List of Contributors
Yoshiyuki Asakura, Honda Electronics Co., Ltd., Toyohashi, Aichi, Japan
Pak-Kon Choi, Department of Physics, Meiji University, Kawasaki, Kanagawa, Japan
Naoya Enomoto, Department of Applied Chemistry, Kyushu University, Fukuoka, Japan
Franz Grieser, School of Chemistry, University of Melbourne, Parkville, VIC, Australia
Hisashi Harada, Graduate School of Science and Engineering, Meisei University, Hino, Tokyo, Japan
Takahide Kimura, Department of Chemistry, Shiga University of Medical Science, Otsu, Shiga, Japan
Takashi Kondo, Department of Radiological Sciences, Graduate School of Medicine and Pharmaceutical Sciences, University of Toyama
Shinobu Koda, Department of Molecular Design and Engineering, Graduate School of Engineering, Nagoya University, Nagoya, Aichi, Japan
Hiroyasu Nomura, Department of Molecular Design and Engineering, Graduate School of Engineering, Nagoya University, Nagoya, Aichi, Japan
Kenji Okitsu, Graduate School of Engineering, Osaka Prefecture University, Sakai, Osaka, Japan
Shigemi Saito, School of Marine Science and Technology, Tokai University, Shizuoka, Japan
Keiji Yasuda, Department of Chemical Engineering, Graduate School of Engineering, Nagoya University, Nagoya, Aichi, Japan
Kyuichi Yasui, National Institute of Advanced Industrial Science and Technology (AIST), Nagoya, Aichi, Japan
Preface (English Edition)
This book has been written to provide a comprehensive but basic overview of how ultrasound can be used to initiate, enhance, and, in general, act on chemical reactions and systems. It aims to provide coverage of the field of sonochemistry at an introductory level more broadly than found in specialist monographs. As ultrasound reactors are widely used in both the laboratory and in commercial processes, the book provides a useful fundamental understanding on what lies behind the application in play.
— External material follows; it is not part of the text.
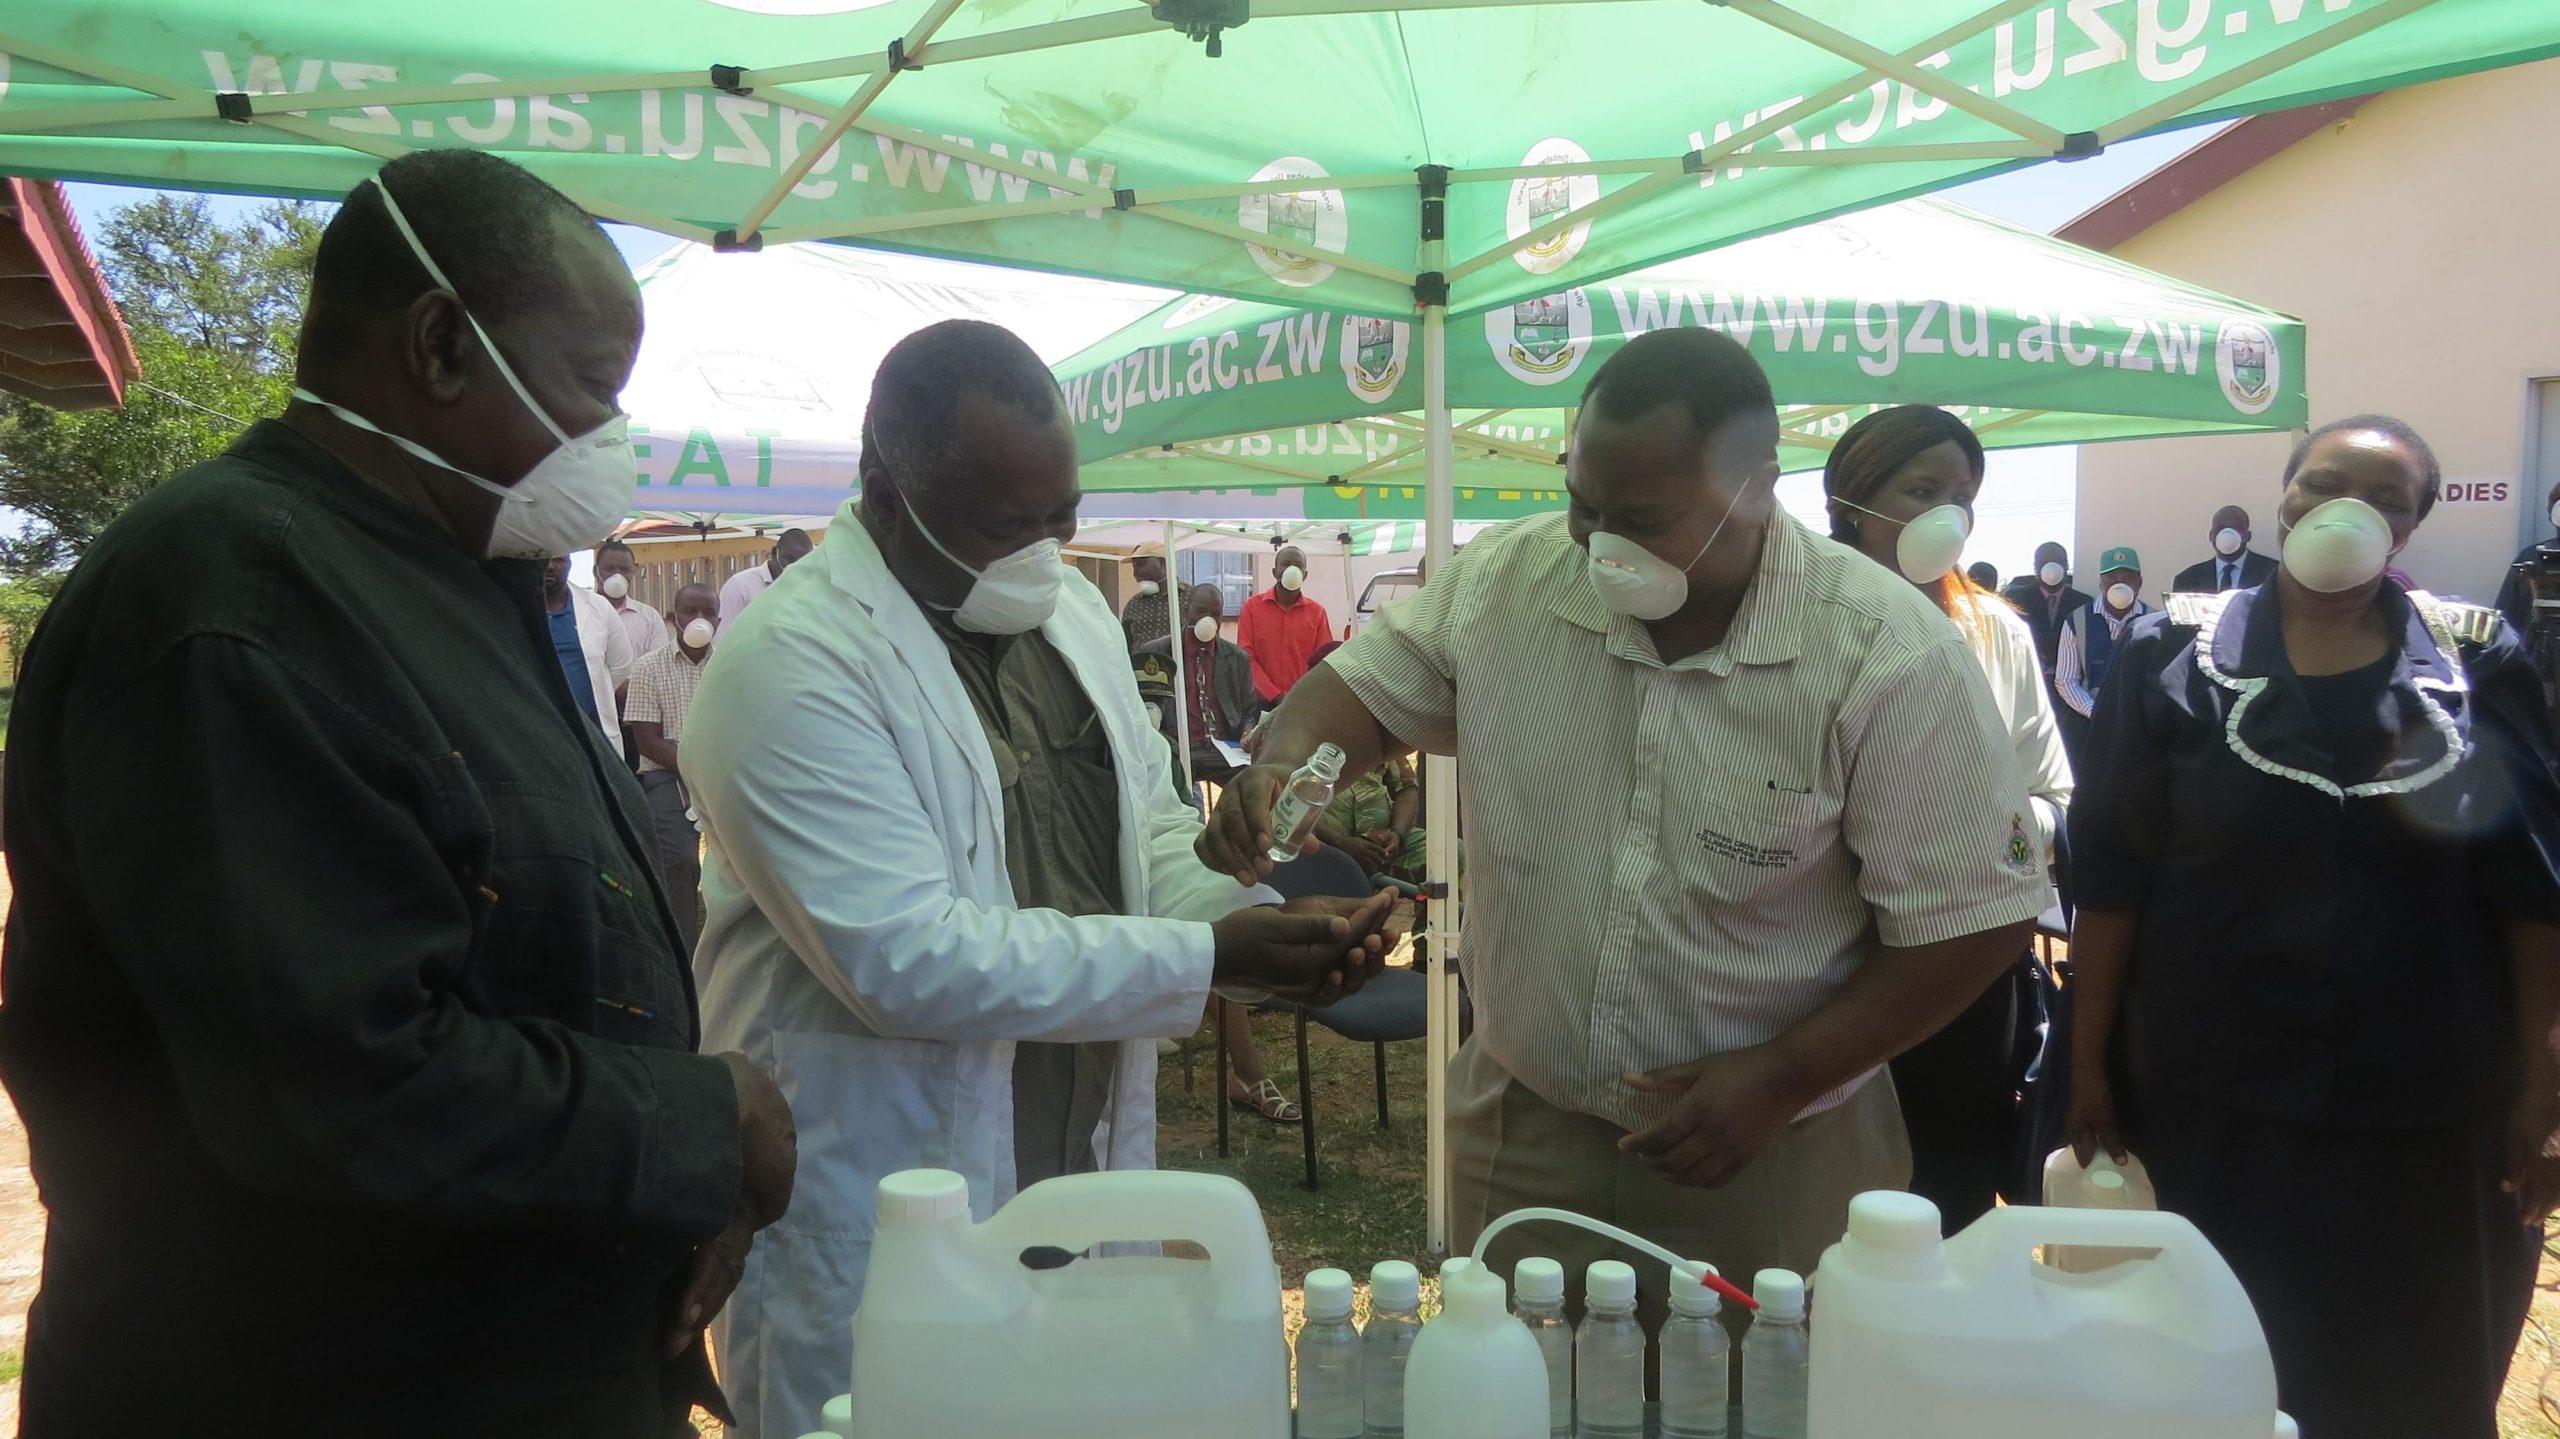 Coronavirus: Zimbabwe universities making face masks, gloves

The book is a carefully structured beginner's guide to acoustic cavitation phenomena, i.e., the formation and subsequent collapse of micro-bubbles in a liquid exposed to ultrasound. It sets out to consolidate what is known about how ultrasound acts on bubbles, and the chemical and physical consequences of its exposure to a broad range of systems. Ultrasound's chemical effects (sonochemistry) are caused by the radicals formed inside bubbles during their collapse (implosion) as a consequence of the extreme temperatures and pressures created within such bubbles. These free radicals are the basis of many chemical reactions, including electron transfer reactions, new stable compound formation, initiation of polymerization processes, as well as oxidation reactions leading to molecular degradation. The implosion of micro-bubbles also generates physical effects that come from fluid flow in the form of microstreaming, microjets of fluid, and flow from the shock waves produced.
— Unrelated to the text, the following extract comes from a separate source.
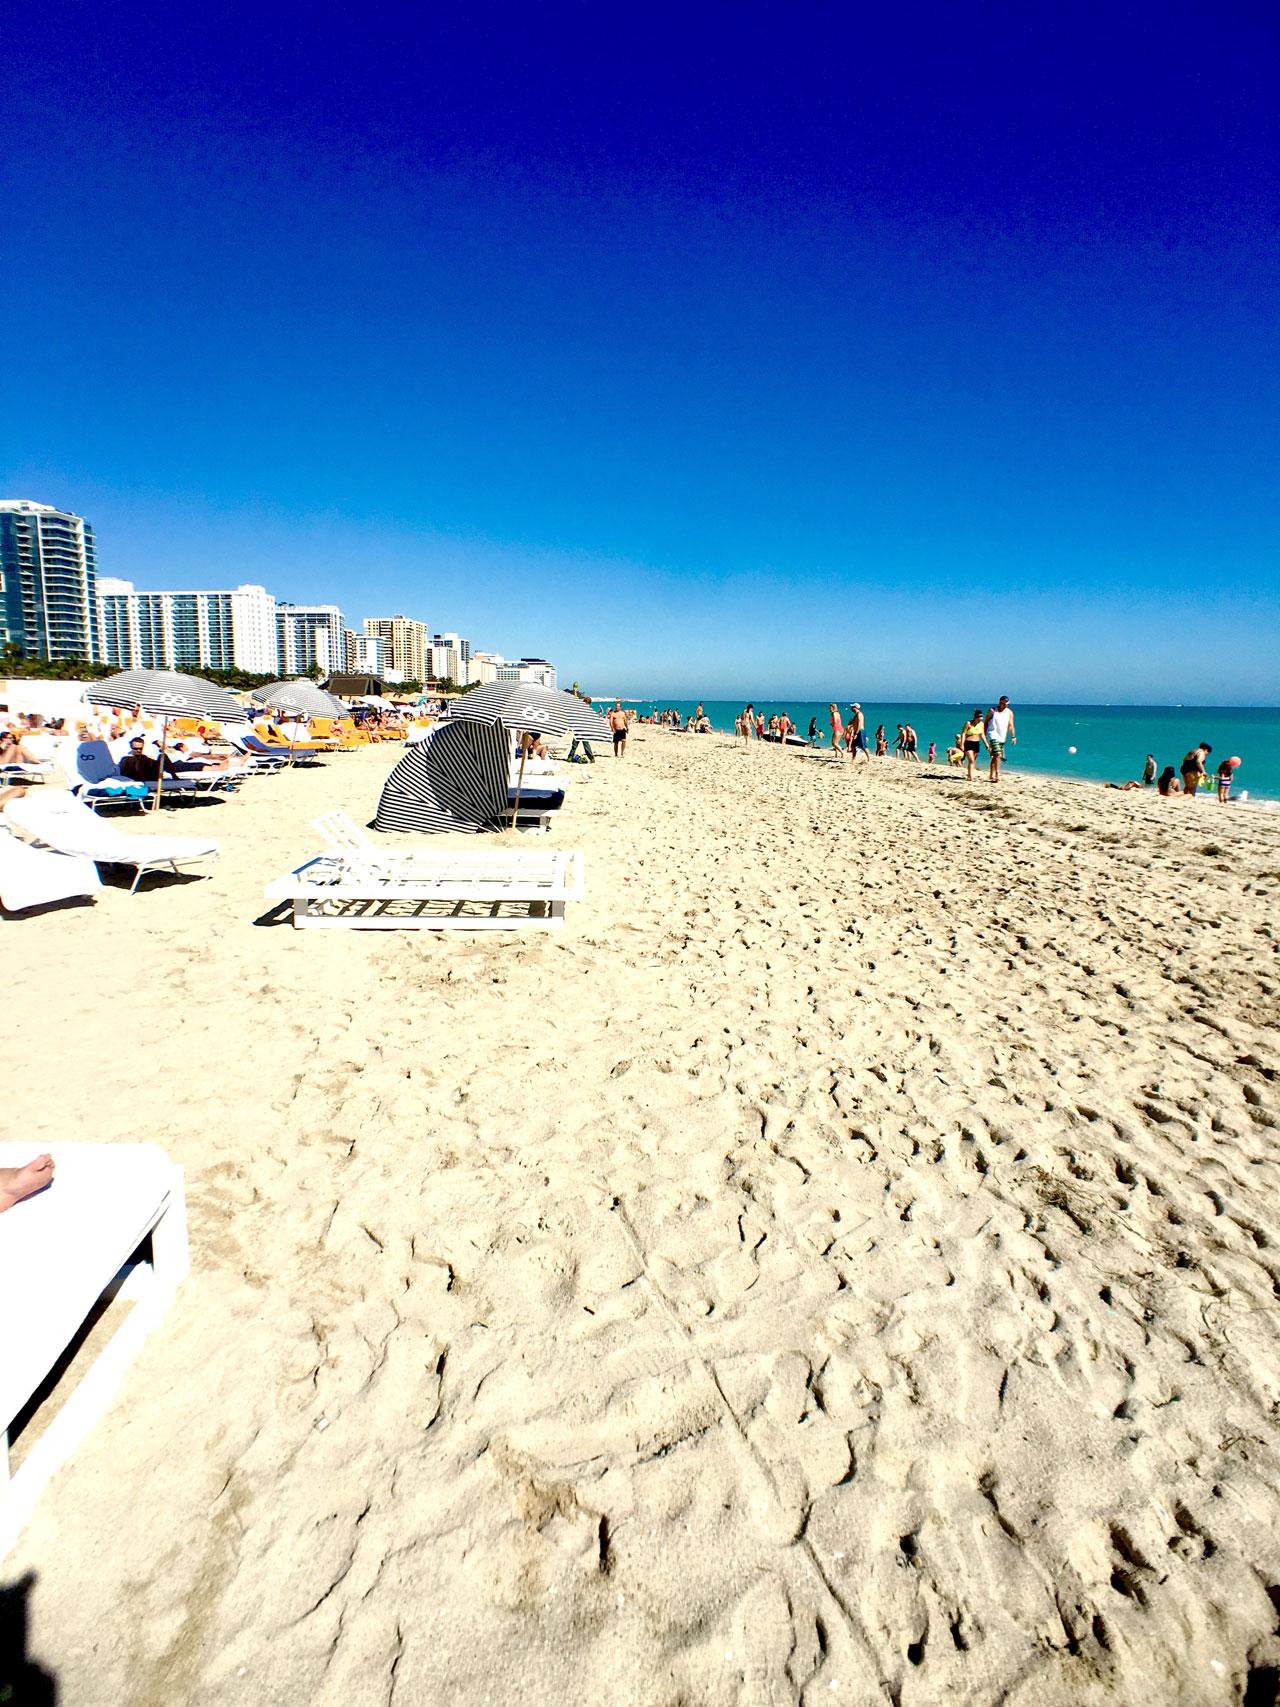 Miami South Beach Local Wildlife: Road Trip From Kissimmee To Miami South Beach

The subject matter has been approached from an introductory basis but the reader would benefit most if they had a basic knowledge of physics and chemistry. Irrespective of this, many examples of ultrasound-driven effects and practical applications are described. Included are problems (and solutions) to help the interested reader comprehend/digest some of the material presented. Each chapter has a collection of references, both to specialist studies and to reviews, for further reading in those areas of particular interest.
The book is substantively a translation of the Japanese book entitled The Acoustic Bubble and Sonochemistry
edited by Pak-Kon Choi, Naoya Enomoto, Hisashi Harada, and Kenji Okitsu, a monograph of the Acoustical Science Series, edited by the Acoustical Society of Japan and published by Corona Publishing Co., Ltd, Tokyo in 2012. In this English edition, Chapter 11 has been newly added, and some refinements made in the other chapters, such as the addition of Questions and Answers.
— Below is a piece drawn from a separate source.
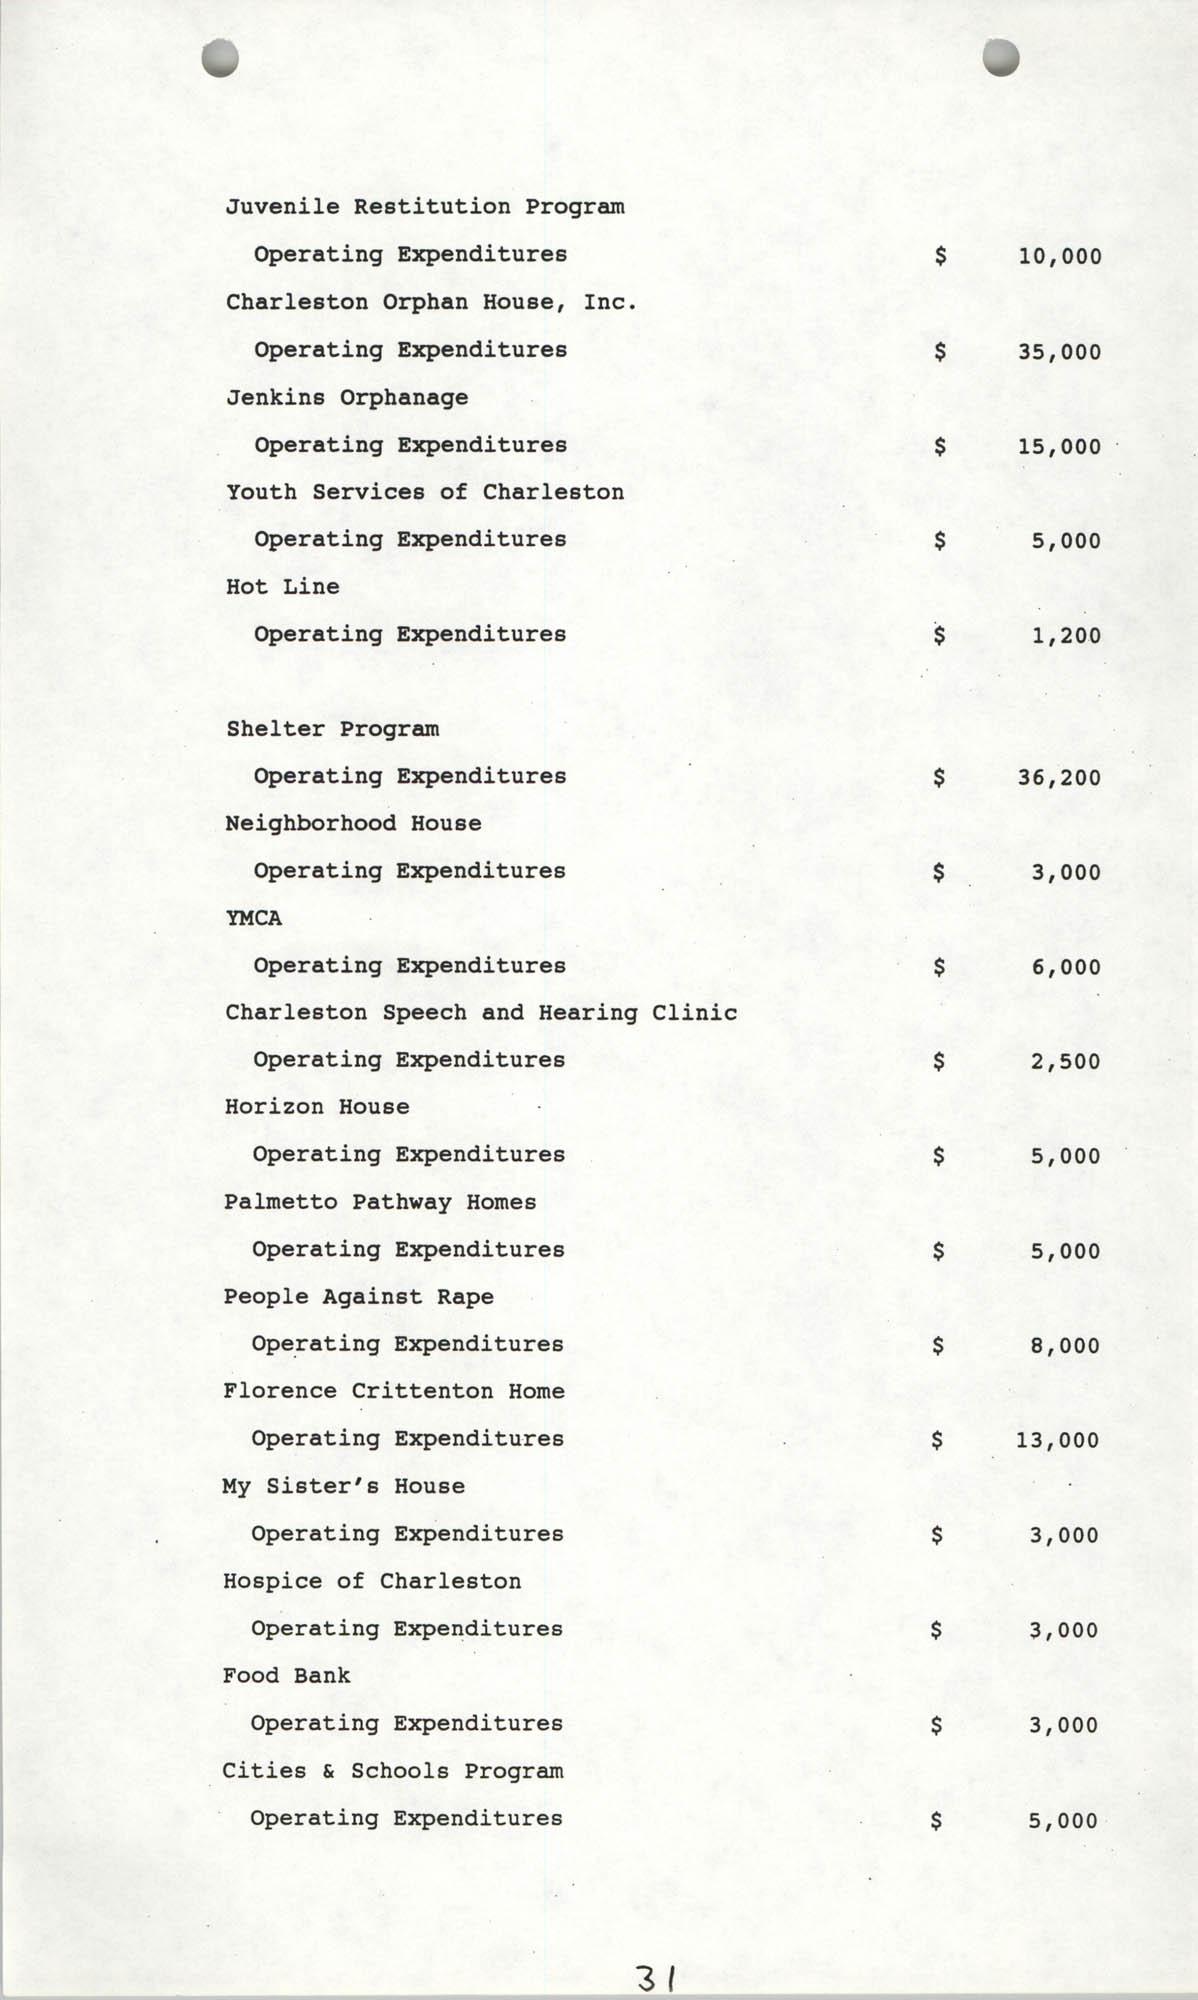 The City Council of Charleston, South Carolina, 1993 Budget, Page 31

We believe there is a need for a textbook on the fundamental principles and experimental methods of the field, as well as an informative evaluation of its (potential) applications in chemical engineering, organic and inorganic synthesis, and medical, environmental, and food processing technologies. The book should be a useful resource and instructional platform to the field for a broad range of researchers, engineers, and as well as serve as a textbook for students. This has been the reason for adapting the original Japanese version of this book into English. We hope that many nonspecialists in the area will find the book an enlightening introduction to the constantly developing field of sonochemistry.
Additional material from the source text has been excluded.